Brief — Reproduce the entries in full, with no changes.

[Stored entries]
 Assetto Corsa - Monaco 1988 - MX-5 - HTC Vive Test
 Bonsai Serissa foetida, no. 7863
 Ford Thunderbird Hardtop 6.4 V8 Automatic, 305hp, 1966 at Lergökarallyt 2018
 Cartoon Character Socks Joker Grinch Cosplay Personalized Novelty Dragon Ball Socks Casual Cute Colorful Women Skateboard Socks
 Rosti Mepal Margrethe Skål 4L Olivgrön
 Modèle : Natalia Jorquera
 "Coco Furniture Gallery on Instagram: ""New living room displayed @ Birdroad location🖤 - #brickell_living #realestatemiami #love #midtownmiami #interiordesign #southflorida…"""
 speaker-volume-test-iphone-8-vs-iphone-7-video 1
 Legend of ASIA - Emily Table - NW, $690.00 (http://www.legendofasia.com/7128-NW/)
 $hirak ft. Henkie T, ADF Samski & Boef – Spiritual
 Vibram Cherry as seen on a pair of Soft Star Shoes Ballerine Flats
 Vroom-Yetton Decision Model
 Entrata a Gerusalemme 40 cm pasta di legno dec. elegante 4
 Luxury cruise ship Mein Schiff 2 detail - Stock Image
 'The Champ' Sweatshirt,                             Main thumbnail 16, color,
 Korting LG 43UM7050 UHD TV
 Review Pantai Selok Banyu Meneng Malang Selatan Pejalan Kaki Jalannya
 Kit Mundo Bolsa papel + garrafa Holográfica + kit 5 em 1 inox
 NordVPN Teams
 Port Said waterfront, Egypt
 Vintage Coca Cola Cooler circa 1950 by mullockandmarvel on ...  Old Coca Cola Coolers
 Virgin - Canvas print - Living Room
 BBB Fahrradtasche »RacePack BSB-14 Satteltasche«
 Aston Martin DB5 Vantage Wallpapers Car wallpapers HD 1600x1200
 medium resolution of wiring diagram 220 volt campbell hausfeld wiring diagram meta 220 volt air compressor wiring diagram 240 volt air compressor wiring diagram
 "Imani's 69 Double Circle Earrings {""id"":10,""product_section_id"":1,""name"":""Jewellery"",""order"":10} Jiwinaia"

The completed task —
 Assetto Corsa - Monaco 1988 - MX-5 - HTC Vive Test
 Bonsai Serissa foetida, no. 7863
 Ford Thunderbird Hardtop 6.4 V8 Automatic, 305hp, 1966 at Lergökarallyt 2018
 Cartoon Character Socks Joker Grinch Cosplay Personalized Novelty Dragon Ball Socks Casual Cute Colorful Women Skateboard Socks
 Rosti Mepal Margrethe Skål 4L Olivgrön
 Modèle : Natalia Jorquera
 "Coco Furniture Gallery on Instagram: ""New living room displayed @ Birdroad location🖤 - #brickell_living #realestatemiami #love #midtownmiami #interiordesign #southflorida…"""
 speaker-volume-test-iphone-8-vs-iphone-7-video 1
 Legend of ASIA - Emily Table - NW, $690.00 (http://www.legendofasia.com/7128-NW/)
 $hirak ft. Henkie T, ADF Samski & Boef – Spiritual
 Vibram Cherry as seen on a pair of Soft Star Shoes Ballerine Flats
 Vroom-Yetton Decision Model
 Entrata a Gerusalemme 40 cm pasta di legno dec. elegante 4
 Luxury cruise ship Mein Schiff 2 detail - Stock Image
 'The Champ' Sweatshirt,                             Main thumbnail 16, color,
 Korting LG 43UM7050 UHD TV
 Review Pantai Selok Banyu Meneng Malang Selatan Pejalan Kaki Jalannya
 Kit Mundo Bolsa papel + garrafa Holográfica + kit 5 em 1 inox
 NordVPN Teams
 Port Said waterfront, Egypt
 Vintage Coca Cola Cooler circa 1950 by mullockandmarvel on ...  Old Coca Cola Coolers
 Virgin - Canvas print - Living Room
 BBB Fahrradtasche »RacePack BSB-14 Satteltasche«
 Aston Martin DB5 Vantage Wallpapers Car wallpapers HD 1600x1200
 medium resolution of wiring diagram 220 volt campbell hausfeld wiring diagram meta 220 volt air compressor wiring diagram 240 volt air compressor wiring diagram
 "Imani's 69 Double Circle Earrings {""id"":10,""product_section_id"":1,""name"":""Jewellery"",""order"":10} Jiwinaia"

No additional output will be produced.